Hawaii quarter poised for official launch
By HERBERT A. SAMPLE
Associated Press
Numismatics young and old will be able to complete their collections of state commemorative quarters as the U.S. Mint holds a ceremonial launch of the Hawai'i quarter.
The Hawai'i quarter is the last of the 50 state quarters to be released during the decade-old program because Hawai'i was the final state to join the union.
As with all quarters, the face of the Hawai'i quarters will feature a profile of George Washington. But the rear displays King Kamehameha I and the eight Hawaiian Islands.
It also includes the state motto in Hawaiian, which translates into English as "The life of the land is perpetuated in righteousness."
"Coins are just more than a medium of economic exchange," Ed Moy, director of the U.S. Mint, said in an interview here. The 50-state quarter program has "turned out to be a geography lesson as well as a state history lesson.
"All our research has shown that this has really educated a generation of American children" on those subjects, said Moy, who was in Honolulu for Monday's ceremonial launch.
Congress authorized the 50-state quarter program in 1999. Each state developed its own plan to identify a design for the back of its quarters.
In Hawai'i, a 36-member commission of community leaders and students reviewed 400 ideas and whittled them down to five finalists. The Mint then provided professional drawings.

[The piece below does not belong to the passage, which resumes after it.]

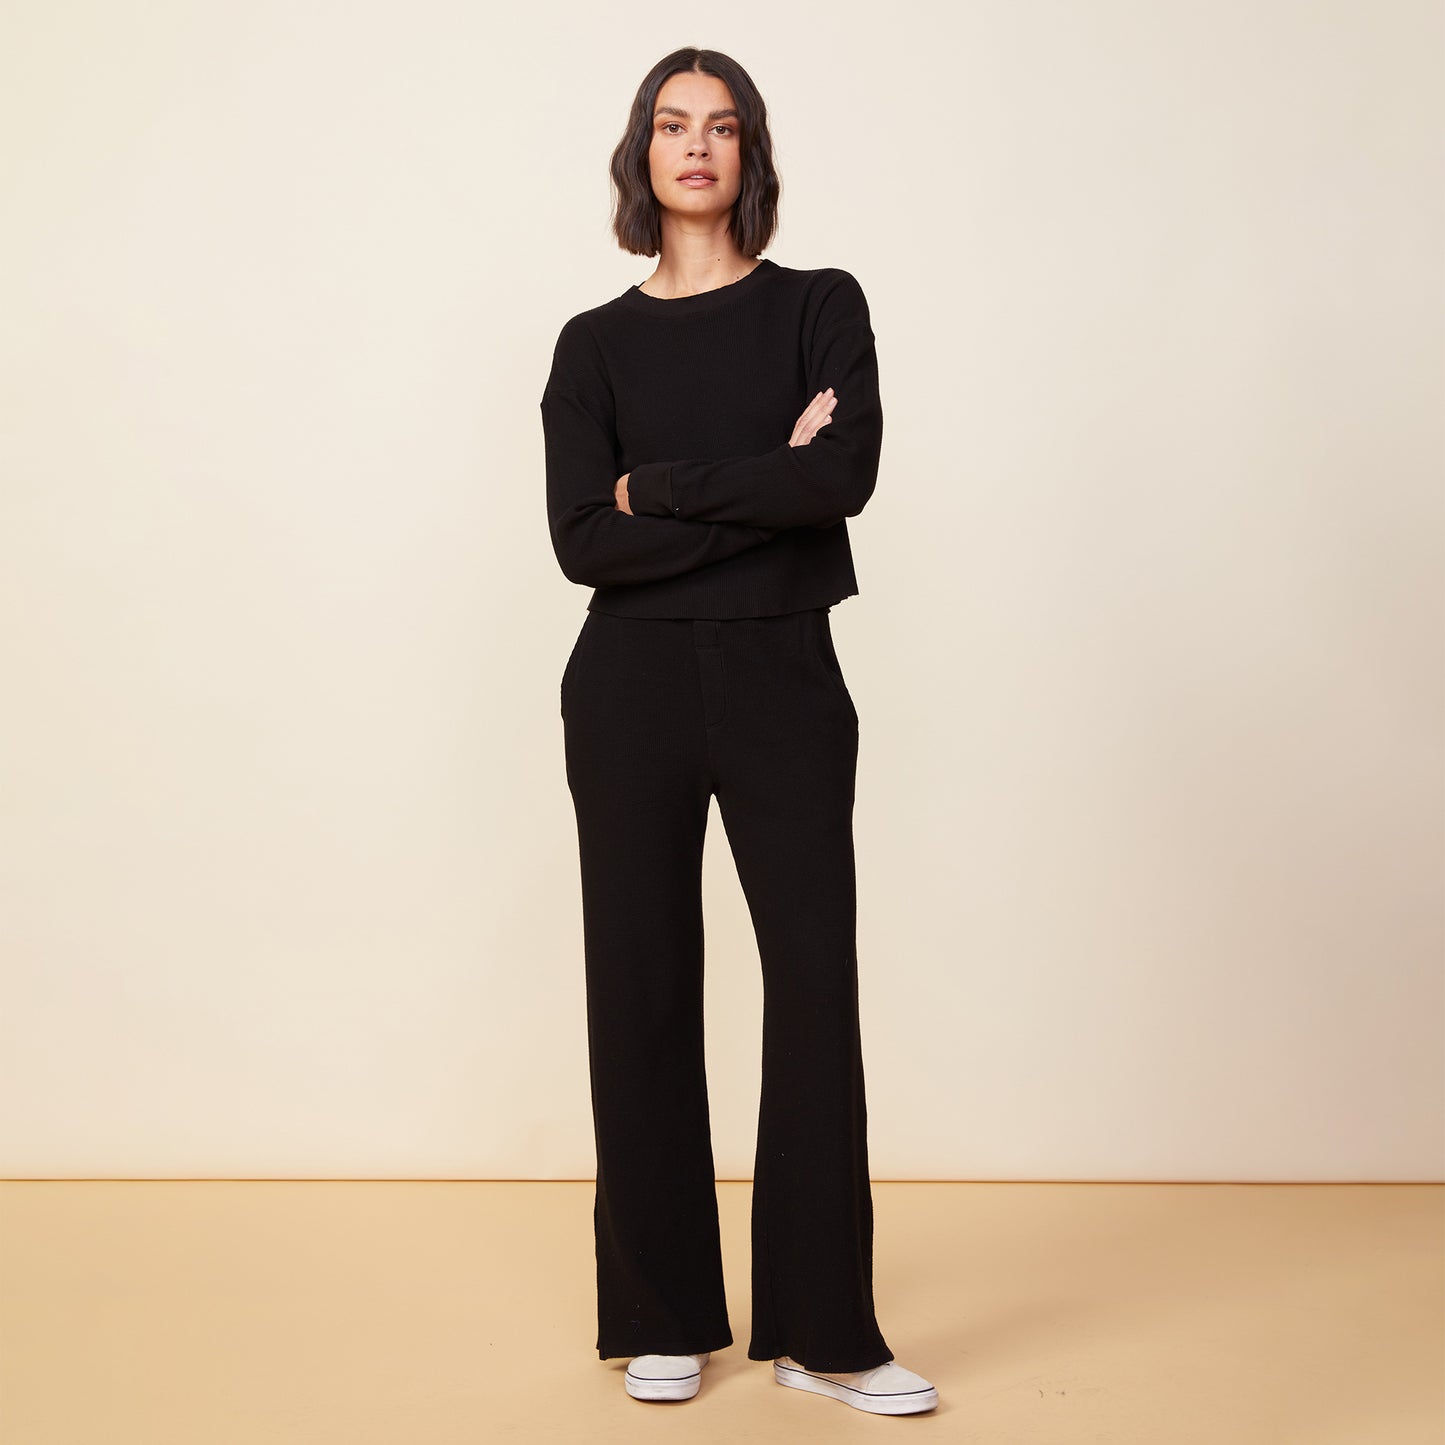 Front view of model wearing the thermal top in black.

An online poll was conducted in Hawai'i, and in April 2007, Gov. Linda Lingle announced her selection of the design entitled, "Hawaii, the Island State." That was the winner of the poll as well.
A total of about 34 billion of the special quarters will have been minted when the program ends next month, including 520 million Hawai'i quarters. Estimates are that about half of them will have been stored away by collectors.
Moy said the state quarter program has not only been an educational tool — some 3 million lesson plans have been downloaded from the Mint's Web site — but a gold mine of profits as well.
While banks that order the quarters pay face value for them, the Mint has spent between 7 to 15 cents to make each one. Last year, for example, the Mint returned $825 million in profit to the Treasury, and $6 billion over the program's life, Moy said.
The Hawai'i quarters entered circulation last Monday but it will take days or weeks before they become widely distributed around the state.
The Mint and several companies offer collecting kits of varying costs.
Congress found the 50-state program to be so popular and profitable, it authorized a new round of quarters for the District of Columbia and five U.S. territories — Puerto Rico, the U.S. Virgin Islands, Guam, American Samoa and the Northern Mariana Islands. Those will be released next year.
Some collectors have been lucky enough to find quarters that included flaws.
"Some of the Wisconsin state quarters made in 2004 have an extra leaf on the cornstalk on the tail's side, and those are selling for over $100 each now," David L. Ganz, a New York City attorney and former president of the American Numismatic Association, said in a press release.
He noted that other state quarters that were mistakenly struck on the wrong metal blanks have sold for $1,000 or more. Becky Bailey, a spokeswoman for the Mint, said no flaws have been discovered in the Hawai'i quarters.
"Still, the program has become an international hit. While he is in Hawai'i, Moy is being shadowed by two officials of the Japanese Mint who are studying the U.S. program. The Japanese Mint now offers a special collectable coin for each of its 47 prefectures that commemorates the 60th anniversary of the country's establishment of local government jurisdictions.
The U.S. Mint is holding a public forum on currency and coinage issues Sunday afternoon at Iolani Palace. The Hawai'i coins will be available for purchase at the Mint's ceremony the next day in downtown Honolulu.